Many are terrified that the Food and Drug Administration may hastily authorize injections into hundreds of millions. The FDA and drugmakers are trying to assuage such concerns with enhanced commitments to safety. Nonetheless, fears have been stoked by President Donald Trump’s infomercial-style endorsement of hydroxychloroquine as a COVID-19 remedy, his foolhardy disdain for face masks and campaign rally boasts of a preelection cure.

Yes, politics. But the opposing political push — the demand that new vaccines must be safe at all costs — is itself a dangerous meme, and the strange bedfellow of anti-vaxxer protesters.

Pulitzer Prize-winning journalist Laurie Garrett inadvertently quantifies the problem. In a Sept. 3 article in Foreign Policy, she cited the H1N1 (swine flu) episode in 2009 as “the last mad rush to vaccinate.” Warning that those shots “caused Guillain-Barr (GBS) paralysis in … 6.2 per 10 million patients who received the vaccine,” she argues that phase 3 trials for COVID-19 vaccines, typically involving just 30,000 people, provide little protection. “There’s no way … we can spot a safety hazard that’s in 1 out of a million, much less 1 out of 10 million, vaccine recipients.” The “safety side,” she told a TV interviewer, “looks insane.”

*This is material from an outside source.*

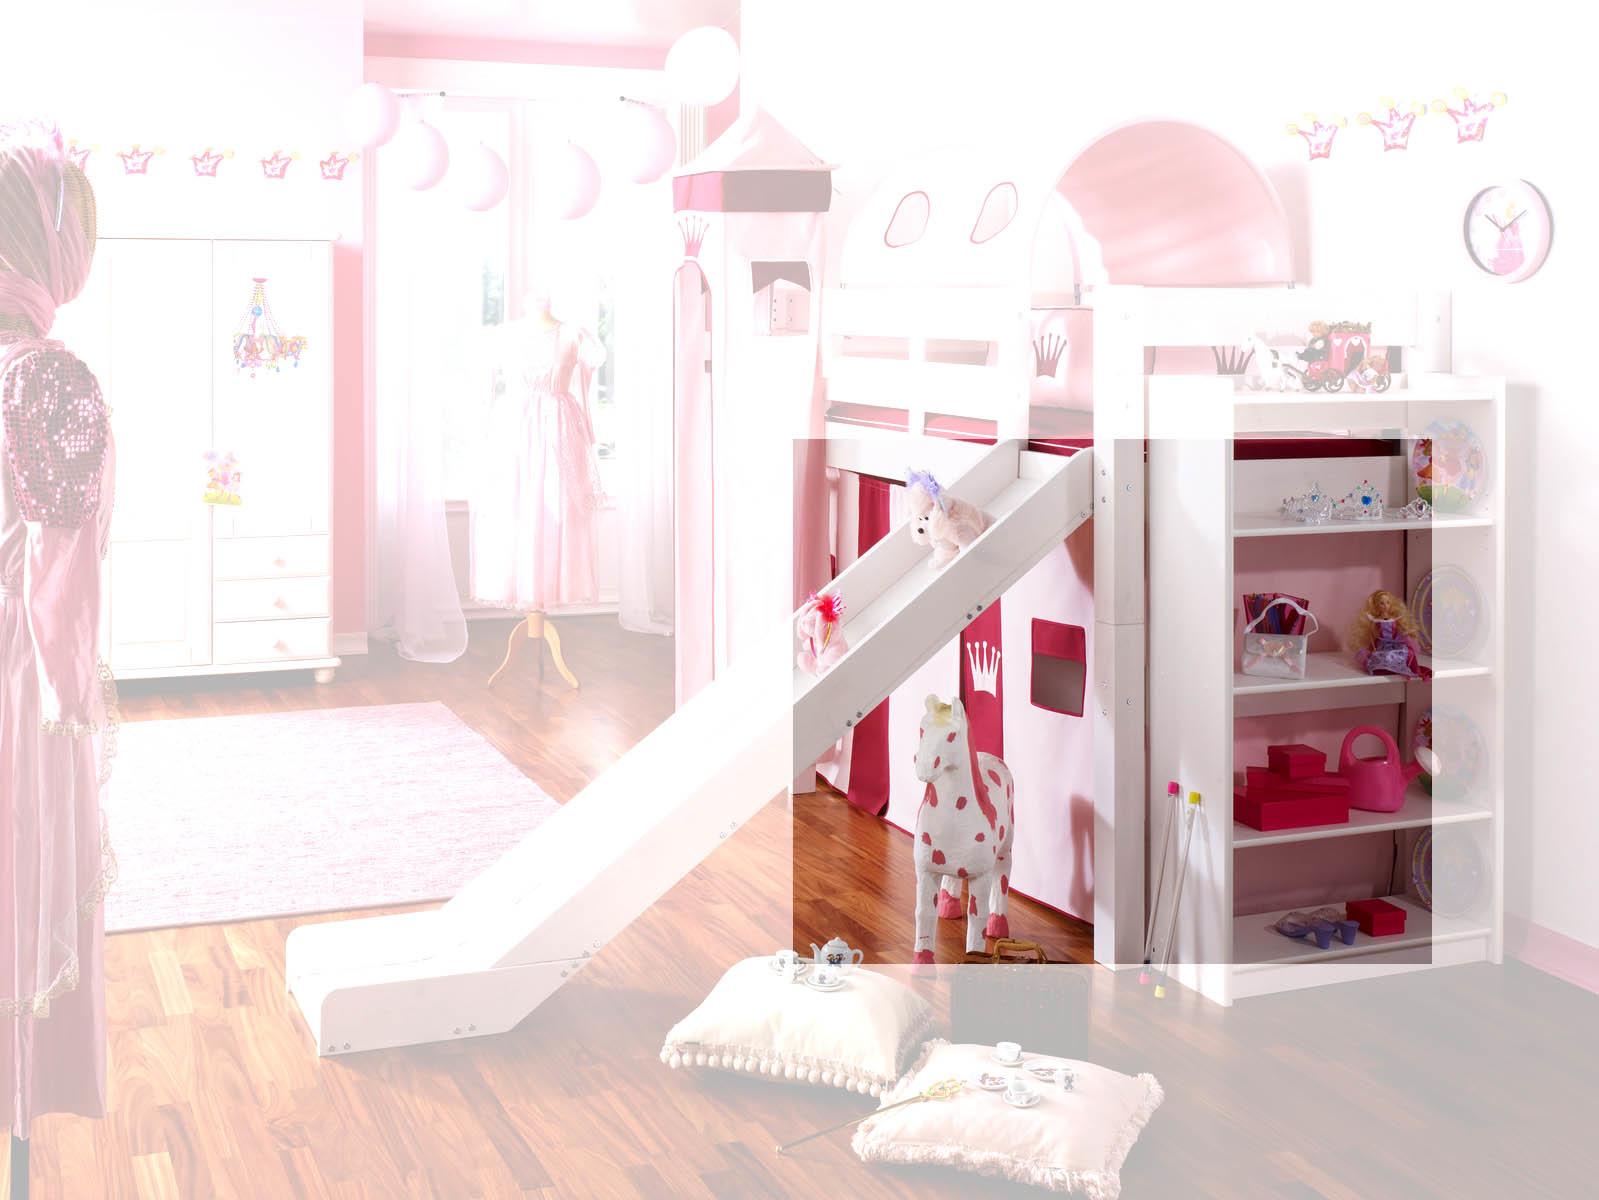 Prinzessinnenbett Hochbett mit Turm, weiß-rosa, Massivholz, Bild 5

But, in fact, the “insanity” here is not found in the push for speed or in Garrett’s skepticism about Operation Warp Speed. It lies in a lack of balance between the two. An insufficiently vetted vaccine may cost innocent lives, but so will delaying a vaccine that, on net, saves them…

When promising therapies appear, reducing time to market is often worth the risk — as reflected in a raft of pre-COVID-19 policies, including the FDA’s “emergency use authorizations,” “fast track” drug approvals and “compassionate use” permissions for experimental drugs. In phase 3 trials, independent monitors observe results, and trials may be terminated when pre-specified benefits appear. Patients in the control group become eligible for the treatment instead of the placebo. Larger samples would enhance scientific knowledge, but as probabilities shift regulators act on the reality that the ideal can become the enemy of the good.